D: Ubaldo Scanagatta, Ubitennis: Novak, complimenti per l’ennesima volta. Dodici finali qui, sei vittorie, puoi dire “Not too bad”…

Djokovic: “Sei molto popolare, tu e anche Ubitennis, tutti mi dicono Not Too Bad… Avresti bisogno di un PR!”

D: Ubaldo Scanagatta: Prendo Dodo se è libero… Hai detto che ti senti giovane, ma sei il più vecchio vincitore dell’Era Open in questo torneo. Per dieci giorni batti Nadal in vecchiaia. Che effetto ti fa?

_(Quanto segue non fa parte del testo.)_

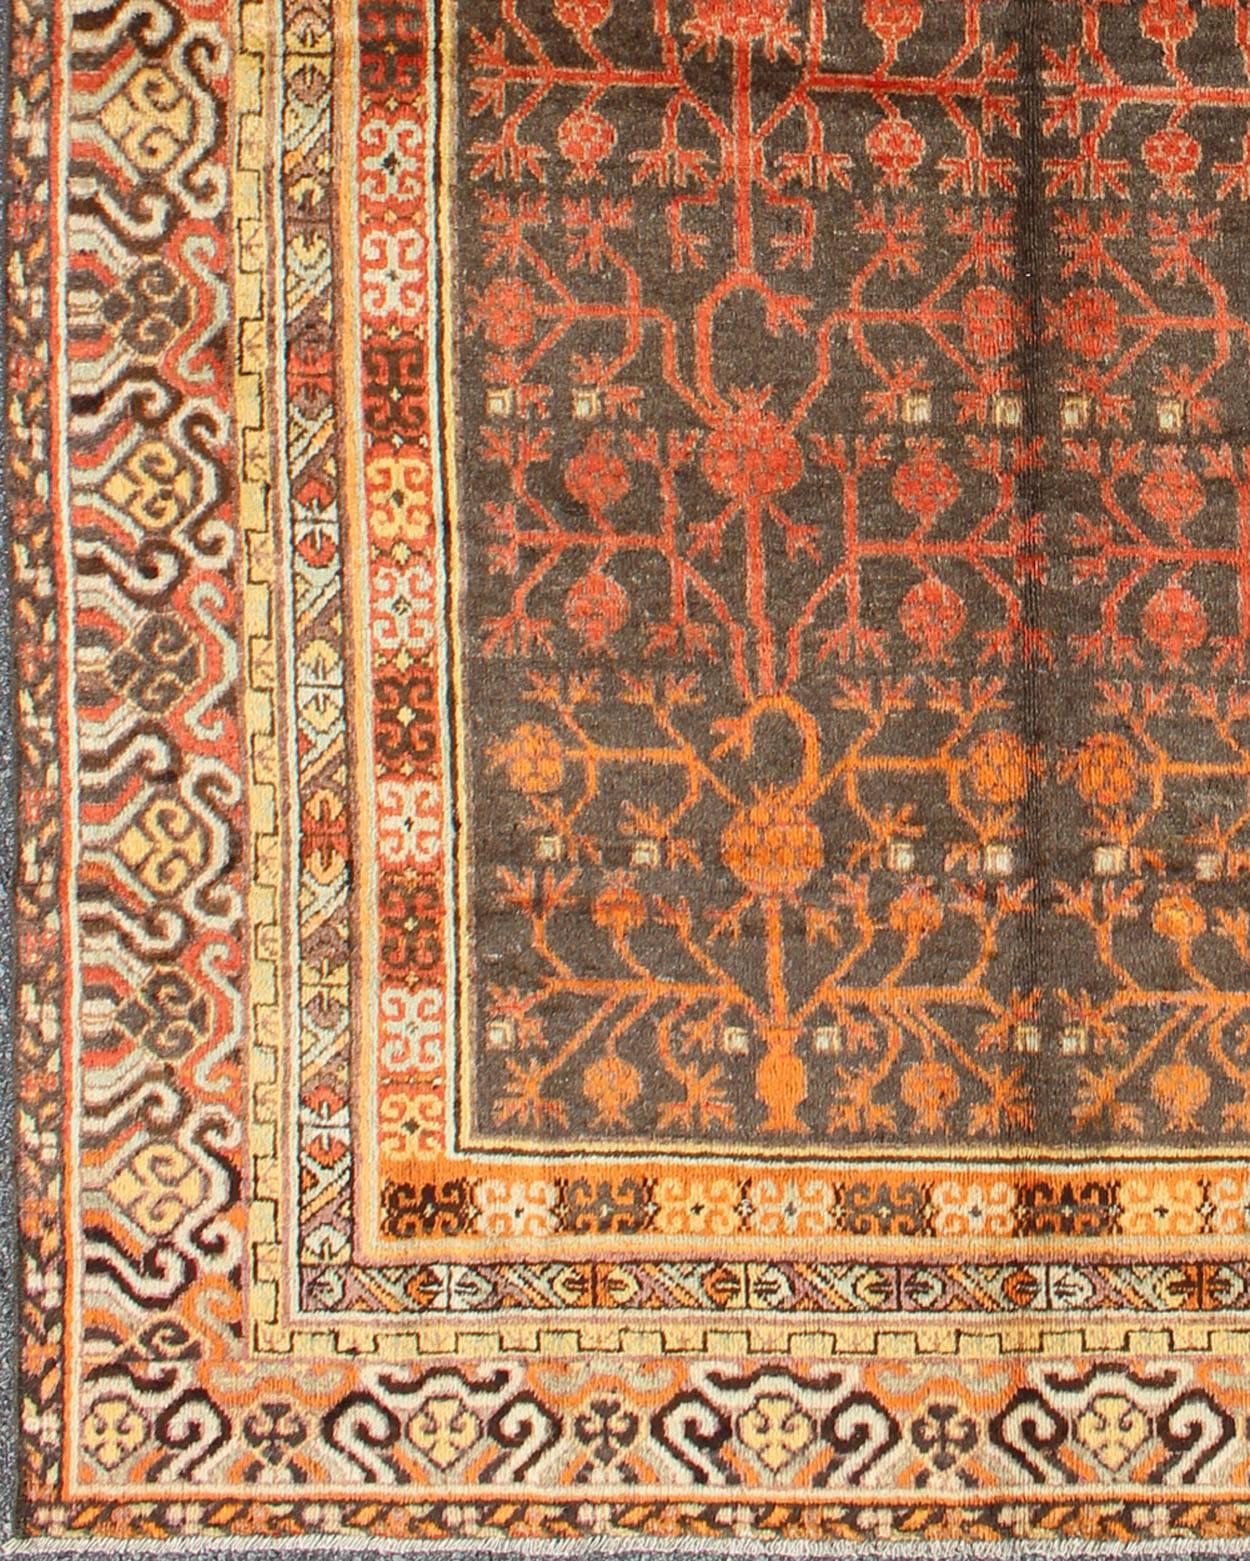 Tapis Khotan d'Asie centrale, datant du début du XXe siècle, présentant un motif traditionnel de grenades sur un fond anthracite, entouré de multiples bordures florales complémentaires de couleur or et orange. 
Mesures : 5'7 x 8'11.

Fino a quando vuoi giocare a tennis? E tuo figlio, che oggi ha vinto il suo primo torneo? Tu avevi vinto un torneo a sette anni?

Djokovic: “Io la mia prima l’ho giocata a otto anni e mezzo. Lui mi ha battuto. Le nuove generazioni sono più avanti, è sempre così… Come dicevo prima, non mi sento vecchio. Ovviamente ho giocato molti anni su questo livello e queste vittorie quando arrivano hanno ancora più significato. Ma devo capire come gestire il calendario e vedere dove voglio giocare il miglior tennis. Ovviamente le cose sono diverse rispetto a dieci anni fa. Non gioco tanti tornei quanti ne giocavo prima. E’ anche una mia scelta perché ho due bambini e altre cose nella vita a cui voglio dare energia e attenzione. Però la motivazione più grande ora sono gli Slam, la Davis, i tornei Masters 1000 che mi piacciono come quello a Roma”.

Scanagatta: Vuoi vincere uno Slam più di Nadal?

Djokovic: “C’è sempre competizione tra noi, sì. Nadal è il più grande avversario che ho avuto nella mia carriera; finchè gioca lui, gioco io! Sono cresciuto come giocatore perché ho giocato tanto contro di lui a questo livello, mi ha sempre dato una spinta in più. Mi auguro che giocheremo ancora tante volte”.